Na véspera da nossa primeira greve estava tão nervosa que não consegui dormir. Eu não sabia o que esperar, mas esperava o pior. Talvez fosse porque não éramos os únicos que desejavam ter uma voz em um ambiente político no qual, aparentemente, haviam esquecido de incluir a perspectiva dos jovens na tomada de decisões, talvez. Mas de alguma forma isso funcionou. E de um dia para o outro, estávamos por todo canto. E eu, de um dia para o outro, me tornei ativista climática.
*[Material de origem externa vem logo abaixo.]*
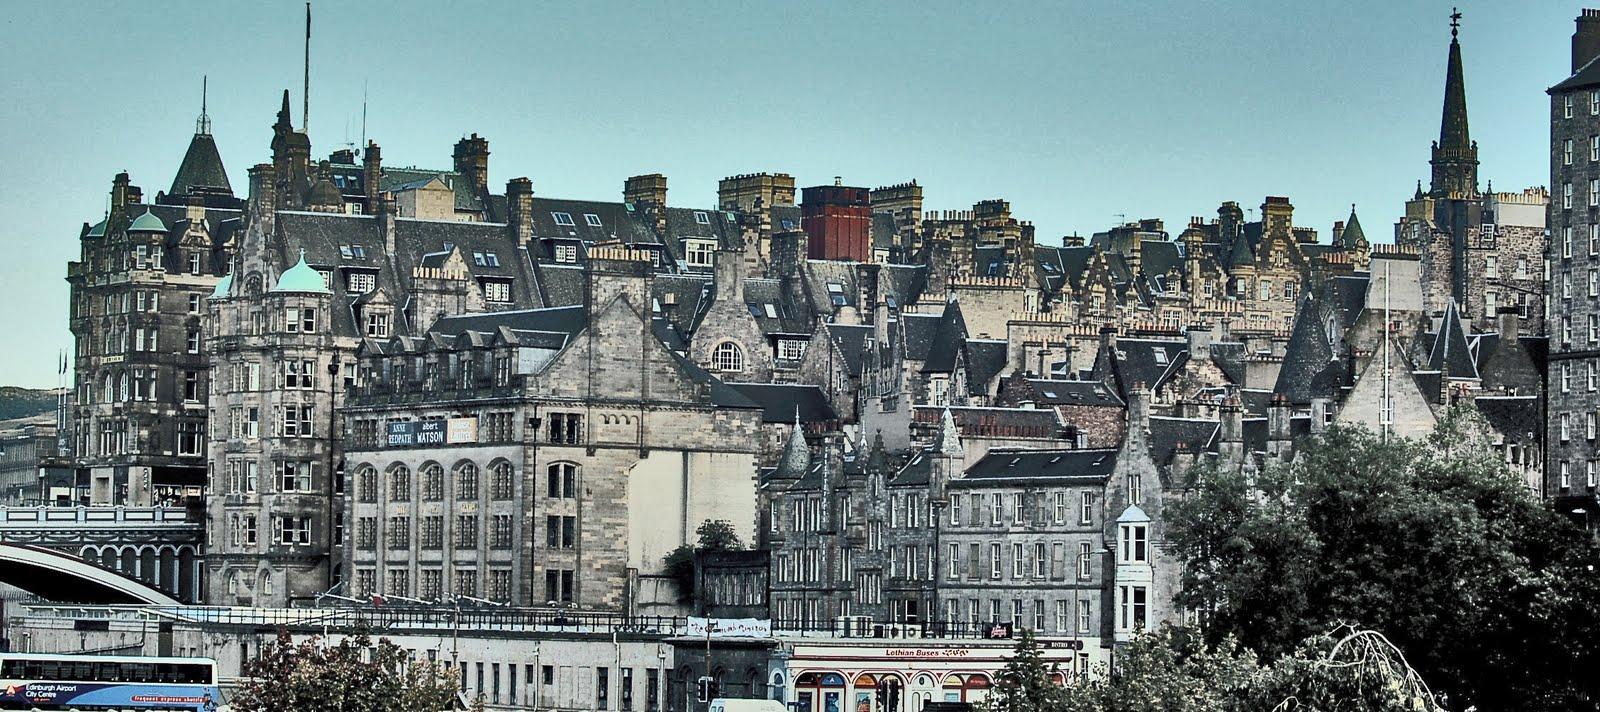 Cursos de Inglés en Edimburgo Superior - Kaplan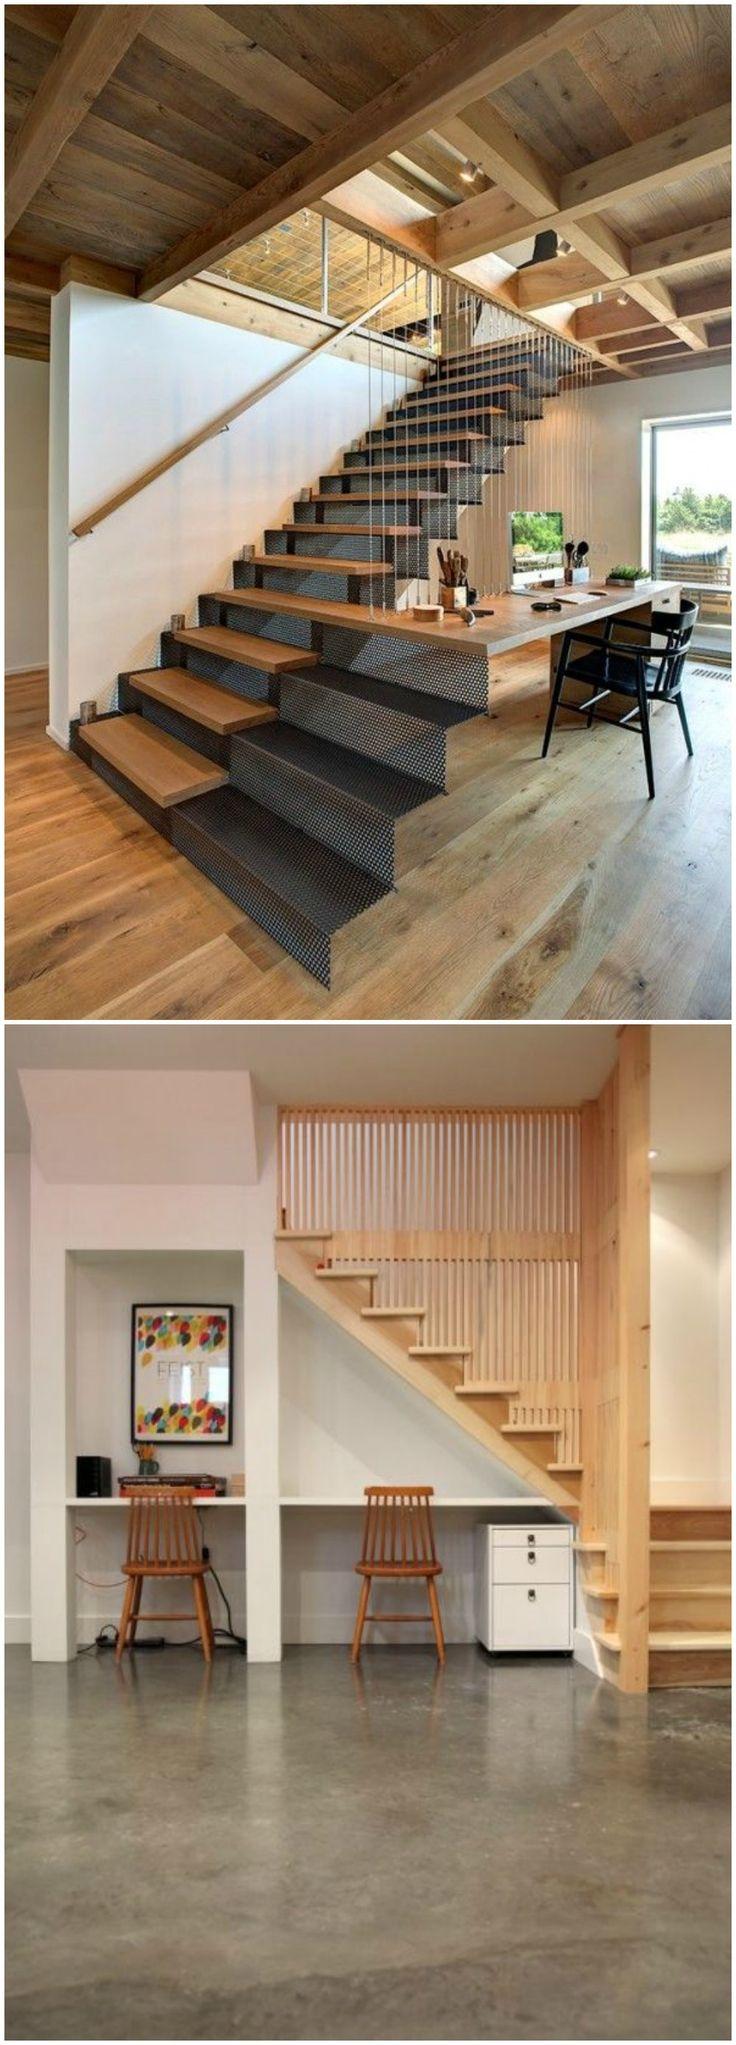 Las 25 mejores ideas sobre entrepiso en pinterest for Escaleras metalicas para casa

Geralmente, nesses tipos de palestras TED, eu diria agora como é muito esperançoso, como nós, jovens, vamos resolver isso, como vamos salvar o futuro e o planeta e tudo mais, como nós, jovens, lutando pelo clima, vamos corrigir isso. Geralmente. Mas não é assim que isso funciona. Não é assim que esta crise funciona. Aqui está uma reviravolta: hoje, três anos e meio depois da assinatura do Acordo de Paris, quando observamos a ciência, descobrimos que ainda é possível manter o aquecimento global abaixo de 2° C… tecnicamente. E também vemos que ainda é possível evitar que outros avanços desastrosos tais como a extinção em massa e degradação do solo aconteçam, sim, tecnicamente. É simplesmente incrivelmente improvável.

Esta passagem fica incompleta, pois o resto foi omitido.